Several such cases have originated in applications lodged against
Sweden, which has shown willingness to take general measures (see for
instance the 1988 Act on the Judicial Review of Certain
Administrative Decisions - lagen om rättsprövning av
vissa förvaltningsbeslut 1988:205) in the light of the
Court’s judgments.
- The
Court is further satisfied that the amount offered by the Government
in compensation for non-pecuniary damage – SEK 40,000 - would
constitute adequate pecuniary redress for the impugned absence of
access to a court.

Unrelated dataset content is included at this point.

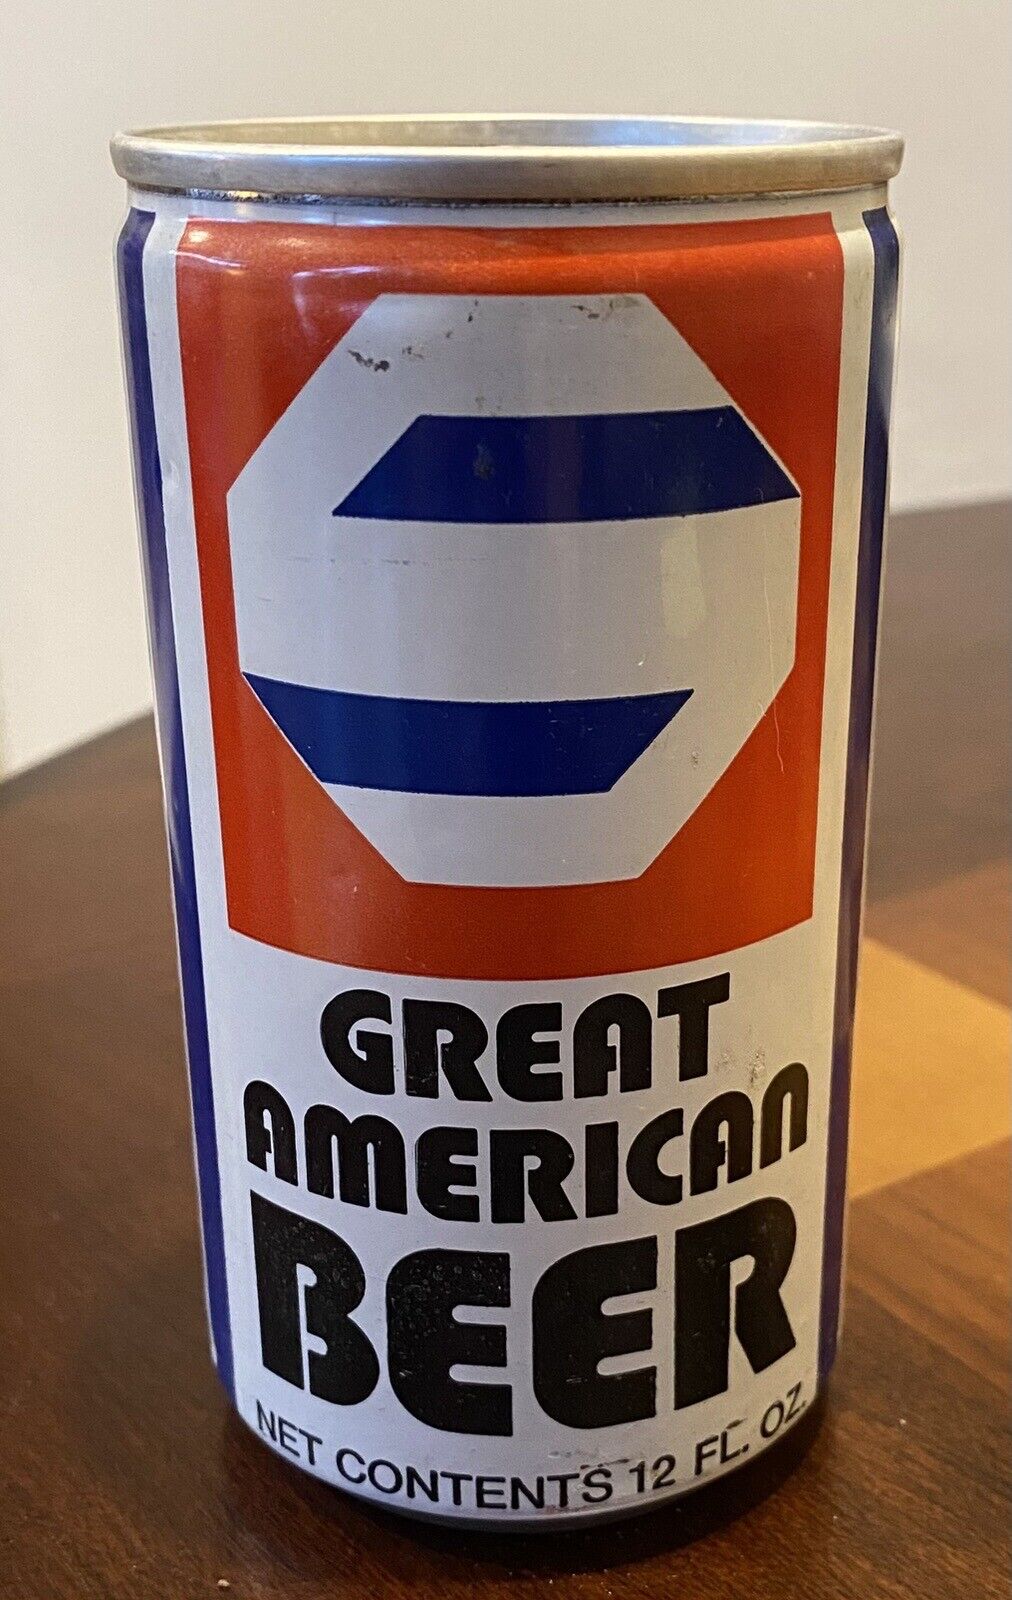 Great American Beer General Pull Tab Beer Can Bottom Opened Empty

Moreover, it considers that the sums proposed by
them for the reimbursement of costs and expenses – totalling
SEK 148,160 - could reasonably be considered to correspond to what
has actually been incurred by the applicant union in order to obtain
redress for the alleged violation of Article 6 § 1 of the
Convention, and is acceptable as to quantum.
- Against
this background, the Court considers it no longer justified, within
the meaning of Article 37 § 1 (c) of the Convention, to continue
the examination of the present application, and finds no reasons of a
general character, as defined in Article 37 § 1 in fine,
which would require the further examination of the case by virtue of
that provision. Accordingly, the application should be struck out of
the list.
FOR THESE REASONS, THE COURT UNANIMOUSLY
Decides
to strike the application out of its list of cases.
Done in English, and notified in writing on 18 July 2006, pursuant to
Rule 77 §§ 2 and 3 of the Rules of Court.